For all this talk of ‘compromise’, what made the Yarl a very special place in Wellington was that, where it counted, Theeban made no compromises. It was as a colonialist might utter, “remarkably untouched”. The dishes that made the first iteration of the Yarl in Malaysia a success were served here fully intact, not watered down or creamed up, not mild in heat, not ‘refined’, and certainly not polished Asian food “with a touch of class”, à la David Burton.  The plastic faux banana leaf plates may as well be real, as the cuisine was as real as it gets.

 

Yarl can’t stop me

In an era where global capital allows for both a flow of overseas food outlets, fads and tastes to be warmly embraced and replicated to varying success (think bagels or poke for example), I wonder when we can offer that same enthusiasm for something different. An iteration of food that belongs to someone from the margins, someone unlike you, that has proven its finesse in what would seem to be more challenging contexts than this one. If the food of Yalpanam only gets tolerated and then ignored with a smile, would this be considered a ‘fair go’? If Wellington is a town of foodies, how could such quality food go remiss, without faint mention, like, or tag? Should Theeban have collaborated with a manicured craft beer brand instead, or enlisted the help of zombified food-grams? Perhaps, but let us not fall prey to our blind spots, to unappreciate the ill-attempt at assimilation. Assimilation that is a prerequisite to any restaurant success story in a city with a 76 percent Pakeha majority.

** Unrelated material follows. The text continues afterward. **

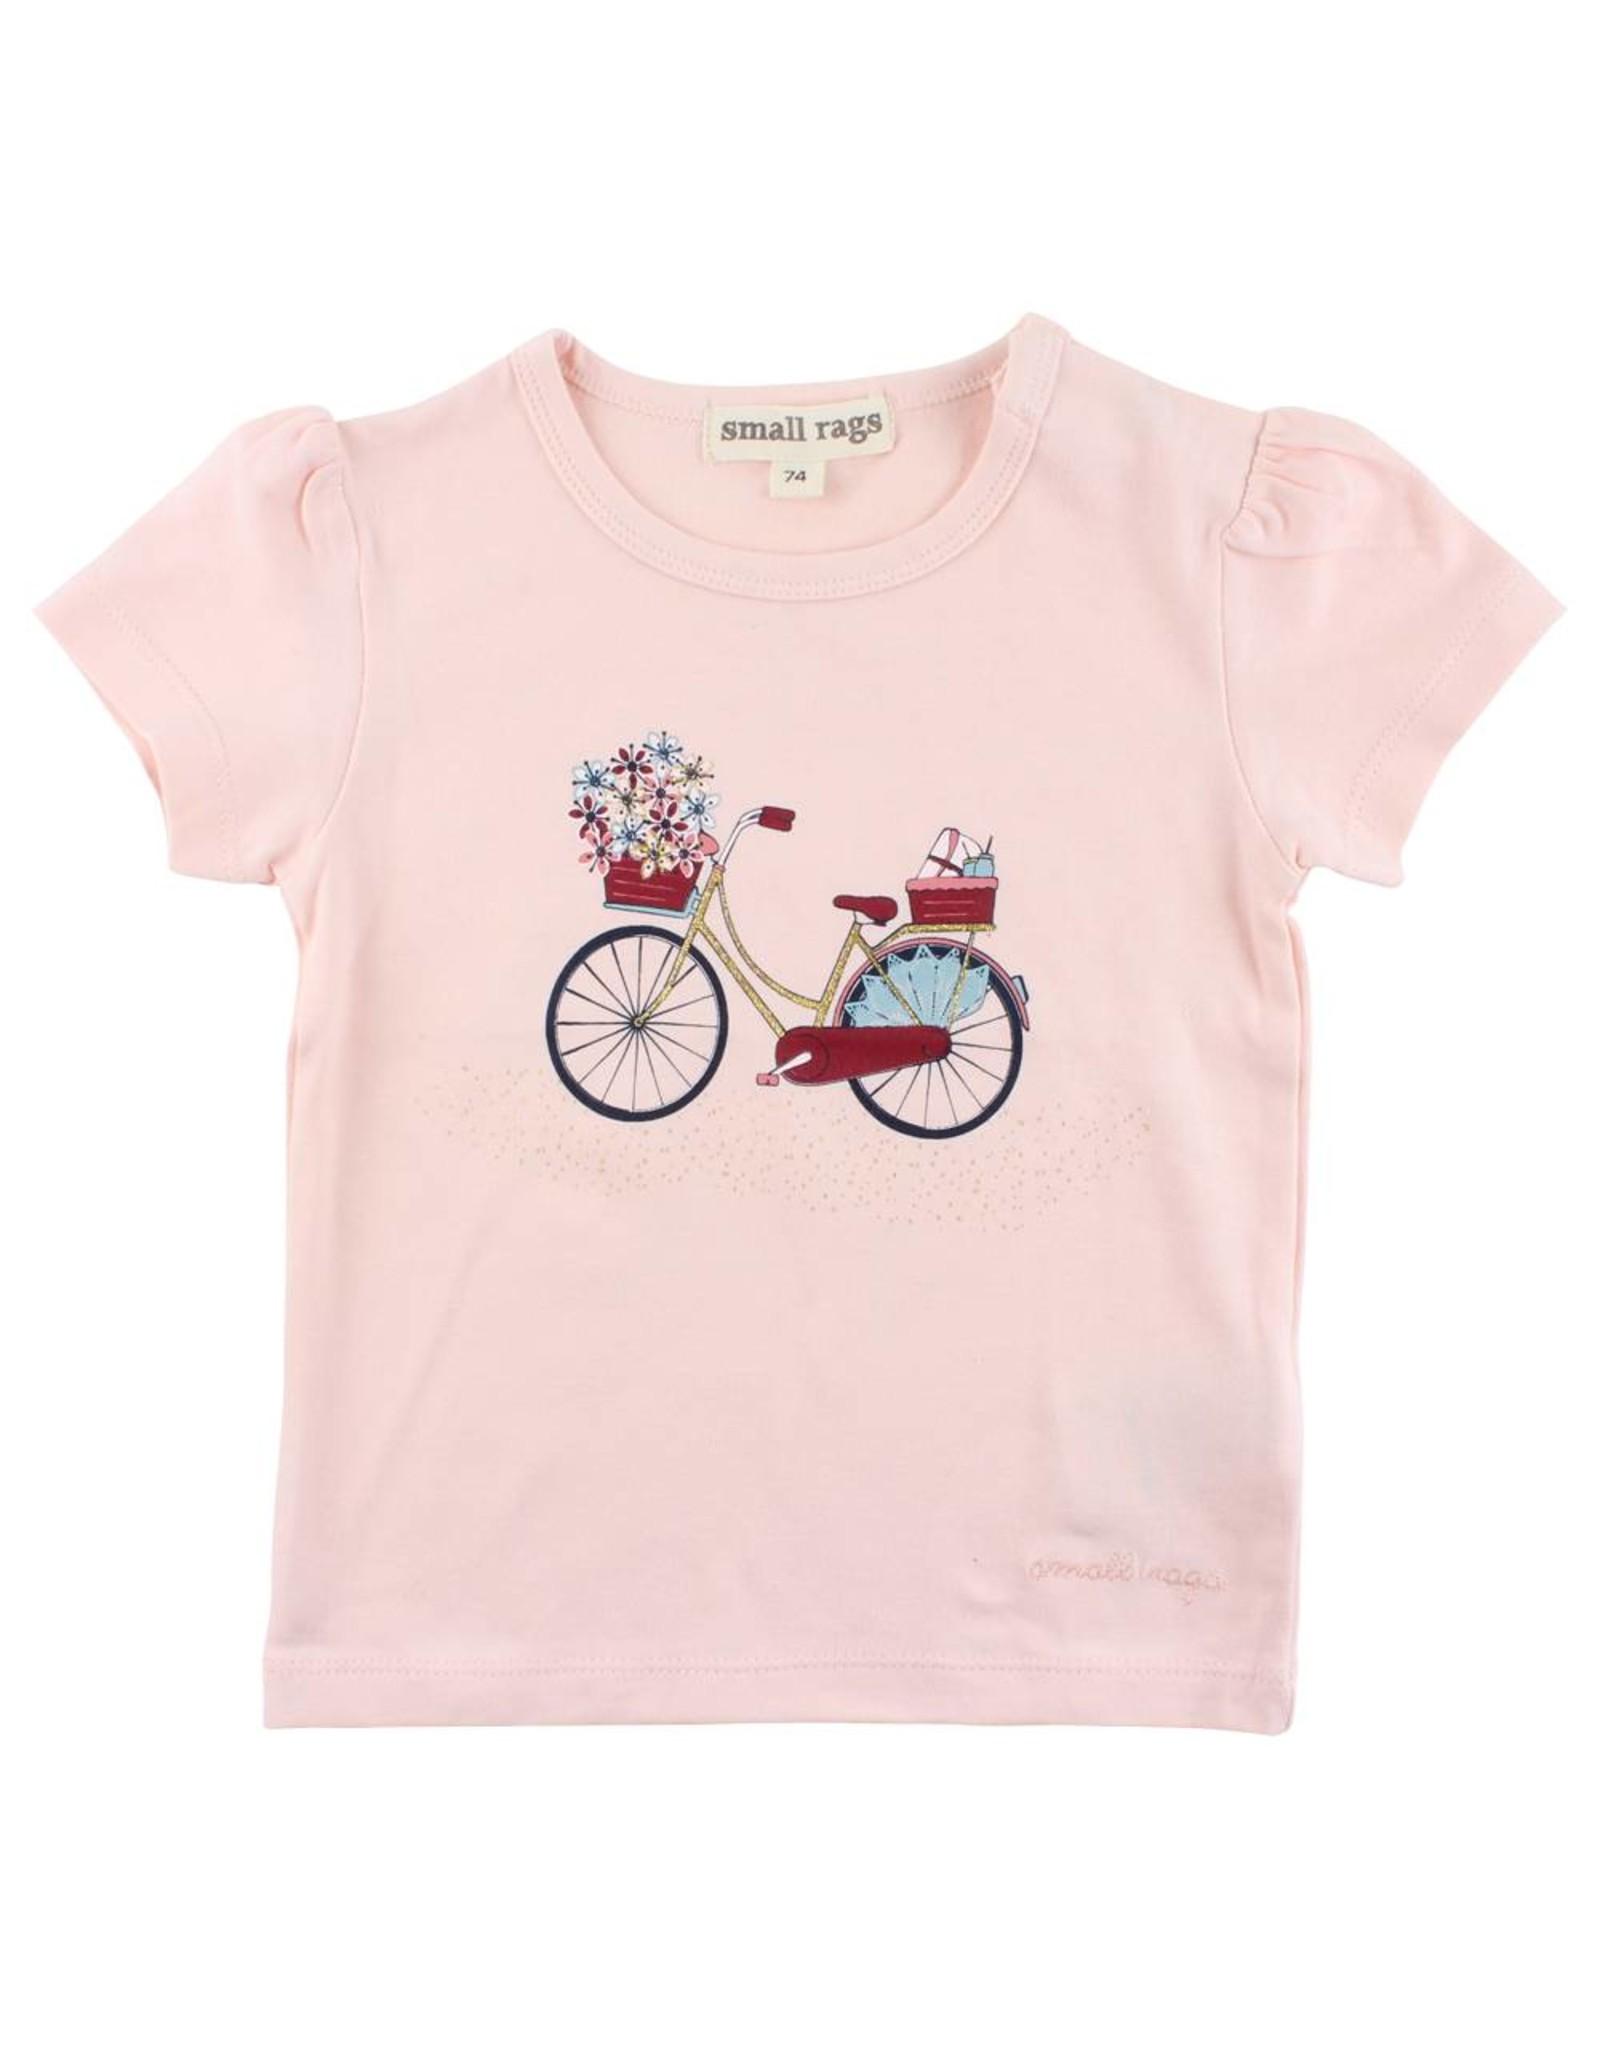 Small Rags Small Rags T-shirt Bike Pearl Blush

I reflect on the hardest part of fitting in, the cautious wonder of what it is that you are fitting into. If you wouldn’t have me for my sweet chicken korma and buttered naan, why should I risk offering you my jackfruit curry and chicken peratal? The worse part of fitting in would be to try hard to be the thing you think people want and then to be completely rebuffed.  And that’s not because you misread the crowd, but rather, the crowd too caught up in its little world, wasn’t even reading in the first place.

The NZ Yarl shut for good in early March this year; in the end, it was an unlikely kitchen fire that put them out. Stuck in a tricky legal battle, hard-pressed for representation and in debt, Theeban’s nation-topping refugee food dream was brought to a halt. “I’ll be back one day, don’t worry”, Theeban shrugs with a smile that parted to me both sorrow and promise.

I later browsed through the Wellington on a Plate brochure feeling dejected. From degustation to kitsch burgers, how many iterations of Pakeha food does it take to believe we have diverse taste?

“Yaarl”, “Yaaarl”, “Yaaaarl”, I heave the words, if only we were the people we tell ourselves we are.